I've got the "Stay Set" now, and it's Excellent!


----------



## daveyclimber (Jan 29, 2006)

Wow , I'm glad you lookjed at your knot . I have had similar things happen to my climbing lines , once they start to go , they go fast


----------



## skwerl (Jan 29, 2006)

Here's the technical info on Sta-Set.
http://www.neropes.com/techdata/sta-set.htm
Here's where I got mine, I forgot who it was that posted the SailNet link years ago but I've never bothered looking for another source. I haven't ordered from them in over a year but I assume the link is still good. 
http://shop.sailnet.com/index.php/cPath/421_422_428

They have it in several colors, if you call them up you might be able to get a slightly better price on some short roll ends if they have any. The last couple times I just ordered 100' of the 3/8" white (the colored is more expensive). They also run sales a few times per year so you should stock up when the price is low.


----------



## okietreedude1 (Jan 29, 2006)

Fire,,


Any time you decent 40 feet non stop on ANY rope that is 100% poly cover, you are going to burn it up.
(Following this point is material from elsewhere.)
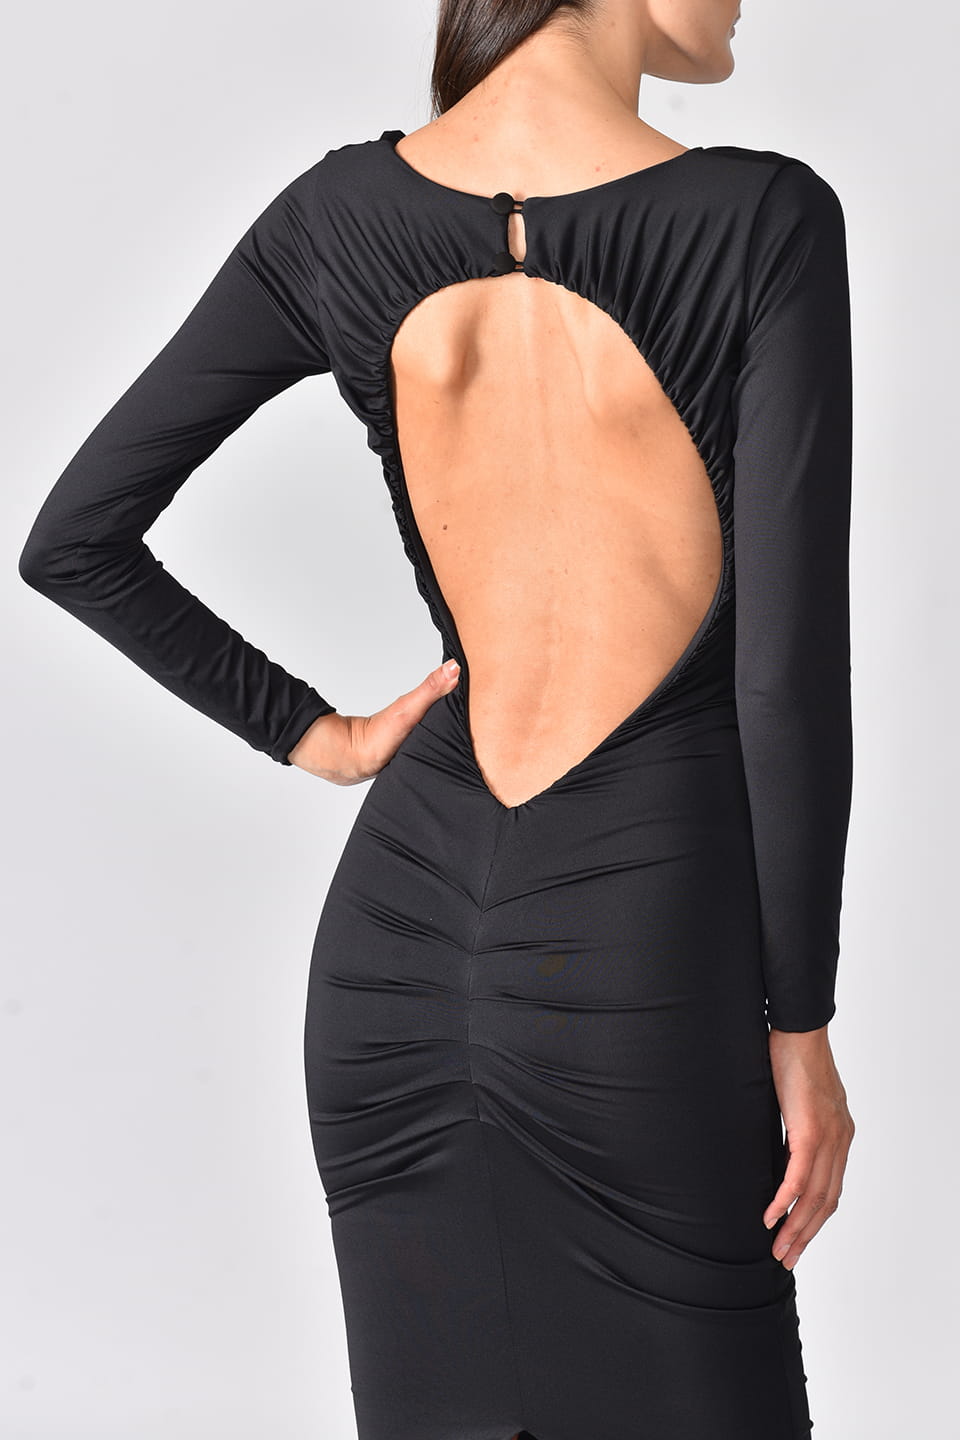 backless dress in black color from fashion designer

Even Sta-set. The advantage to the staset is its low price.

If you want something that is going to last a while, you need a technora cover....bee-line, hrc, etc. Its a little more expensive, but in the long run, it may last longer.

Ive got the bee-line. If you want to try some, let me know.


----------



## Redbull (Jan 29, 2006)

I just got some of the Beeline from TreeJunkie, who got it from okietreedude. It was priced very reasonably. I've seen the piece that TreeJunkie has been using for months now and it is still in good shape. Maybe he'll chime in on this subject. 
Be careful, man. Theres already enough things you got to worry about doing this job, you don't need one more.


----------



## Lumberjack (Jan 29, 2006)

okietreedude1 said:


> Fire,,
> 
> 
> Any time you decent 40 feet non stop on ANY rope that is 100% poly cover, you are going to burn it up. Even Sta-set. The advantage to the staset is its low price.
> ...




I am still climbing on the beeline I got in Nash from David. Bought 75' thinking I was going to burn it up maybe 5 times slower than sta set, however, I am still on my first 4' hitch I tied up in the motel in Nash! Beeline is good stuff, I will probably end up replacing it when I retire the climbing line. I dont take it easy on my hitch/climbing line, neither does my size or friction saver.

Good stuff! WAY cheaper than sta set. According to Nick, you can wear it to the core before needing to replace it.


----------



## Lumberjack (Jan 29, 2006)

okietreedude1 said:


> Fire,,
> 
> 
> Any time you decent 40 feet non stop on ANY rope that is 100% poly cover, you are going to burn it up. Even Sta-set. The advantage to the staset is its low price.
> ...




I am still climbing on the beeline I got in Nash from David. Bought 75' thinking I was going to burn it up maybe 5 times slower than sta set, however, I am still on my first 4' hitch I tied up in the motel in Nash! Beeline is good stuff, I will probably end up replacing it when I retire the climbing line. I dont take it easy on my hitch/climbing line, neither does my size or friction saver.

Good stuff! WAY cheaper than sta set. According to Nick, you can wear it to the core before needing to replace it.


----------



## Fireaxman (Jan 29, 2006)

okietreedude1 said:


> Fire,,
> 
> 
> Any time you decent 40 feet non stop on ANY rope that is 100% poly cover, you are going to burn it up. Even Sta-set. The advantage to the staset is its low price.
> ...



Hmmm. I've been getting away with it for some time just using the Blakes on the traditional bridge of Arboplex or Blue Streak. Well, OK, maybe I was going a little faster on the Knut. And I am being a little more careful on the Stay-set after my near miss. Sure do like the way the Stay-set performs on all my ropes.

But Yes, I would like to try the Bee-line, with your recomendation. I'll give your shop a call tomorrow morning.


----------